Joaquín Valiente

Personal information
- Full name: Joaquín Valiente Cioli
- Date of birth: 13 April 2001 (age 24)
- Place of birth: Colonia Valdense, Uruguay
- Height: 1.65 m (5 ft 5 in)
- Position(s): Midfielder; winger;

Team information
- Current team: FC Dallas
- Number: 21

Youth career
- 0000–2017: Club Atlético Colonia Valdense
- 2017–2020: Defensor Sporting

Senior career*
- Years: Team / Apps / (Gls)
- 2020–2025: Defensor Sporting / 105 / (13)
- 2025: → Barcelona SC (loan) / 38 / (5)
- 2026–: FC Dallas / 0 / (0)

= Joaquín Valiente =

Uruguayan footballer (born 2001)

Joaquín Valiente Cioli (born 13 April 2001) is a Uruguayan professional footballer who plays as a midfielder or winger for FC Dallas.

==Early life==
Valiente was born on 13 April 2001. Born in Colonia Valdense, Uruguay, he is a native of the city.

==Career==
As a youth player, Valiente joined the youth academy of Uruguayan side Club Atlético Colonia Valdense.
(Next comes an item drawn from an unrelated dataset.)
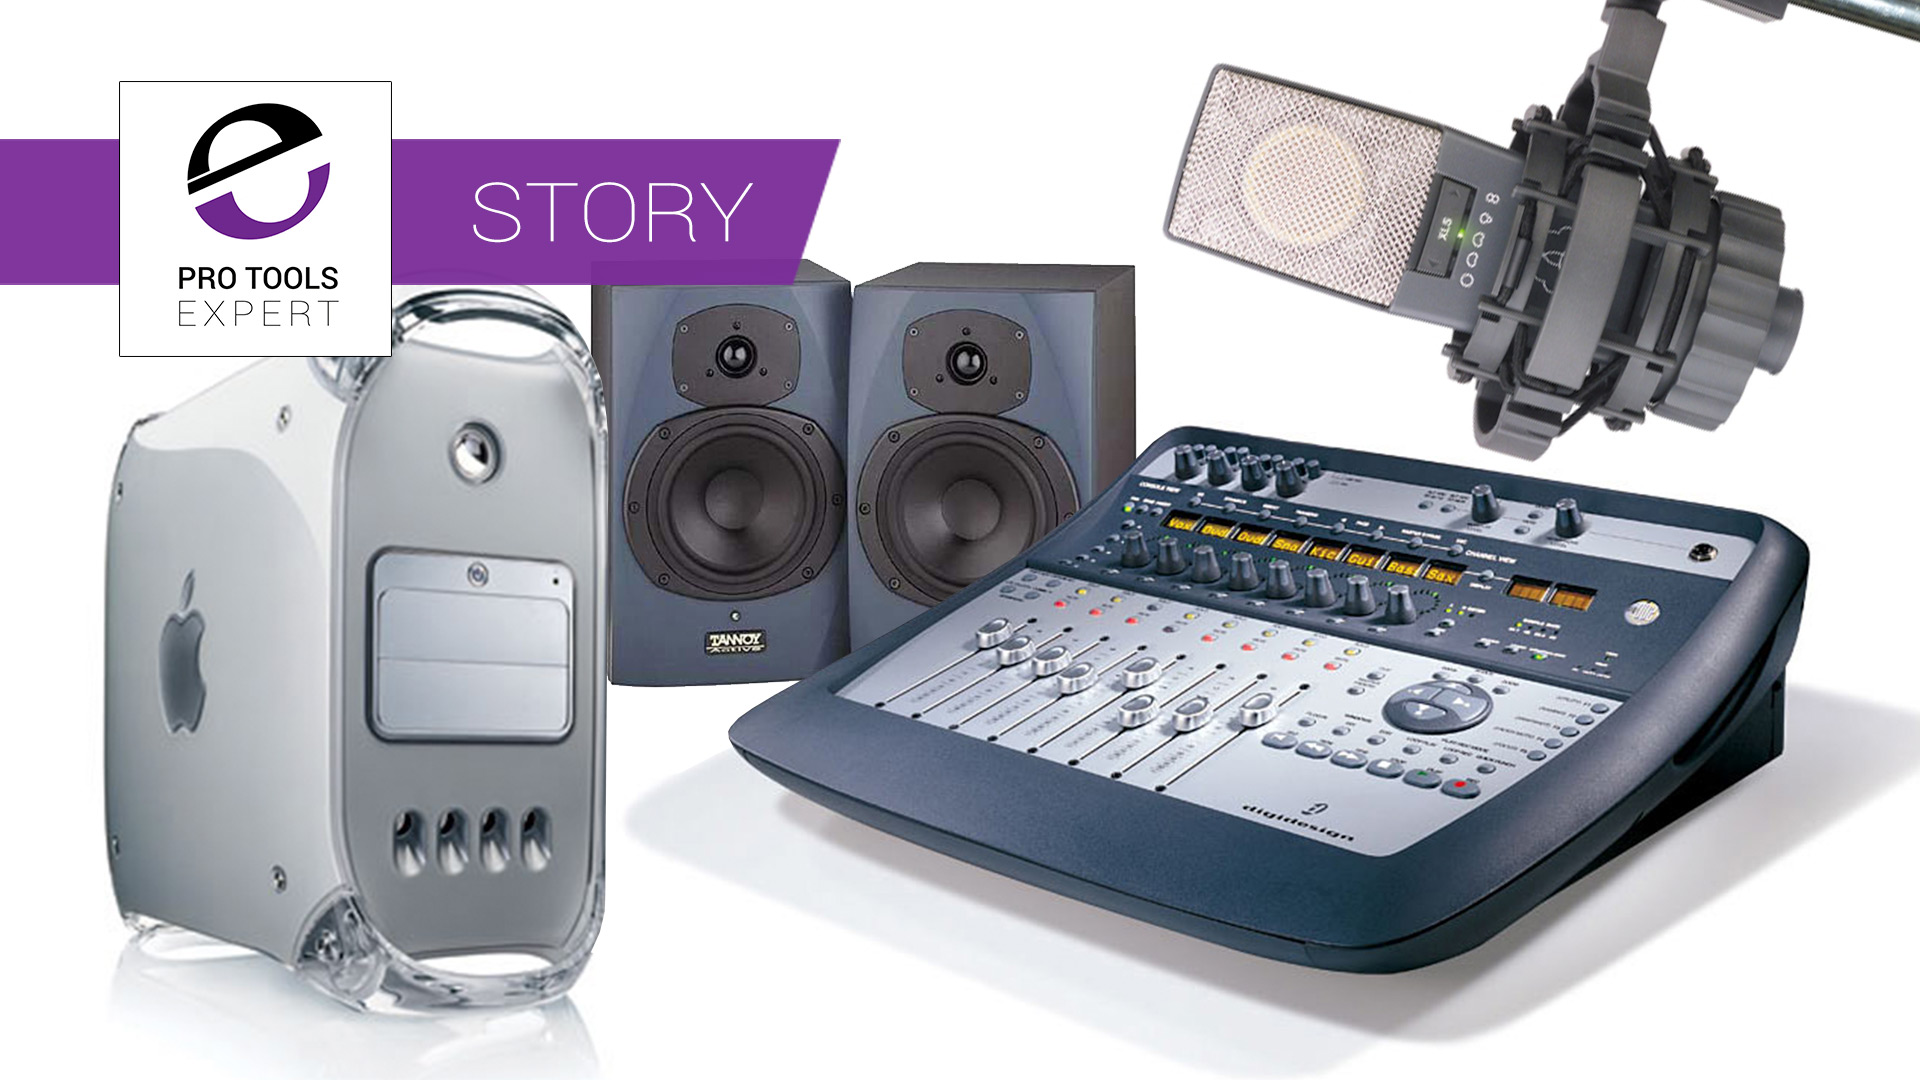 My First Pro Tools Home Recording Studio On A Student Budget | Pro Tools -  The leading website for Pro Tools users

Following his stint there, he joined the youth academy of Uruguayan side Defensor Sporting in 2017 and was promoted to the club's senior team in 2020, where he made 105 league appearances and scored 13 goals and helped them win the 2023 Copa Uruguay and the 2024 Copa Uruguay.

Ahead of the 2025 season, he was sent on loan to Ecuadorian side Barcelona SC, where he made thirty-eight league appearances and scored five goals. During February 2026, he signed for American side FC Dallas.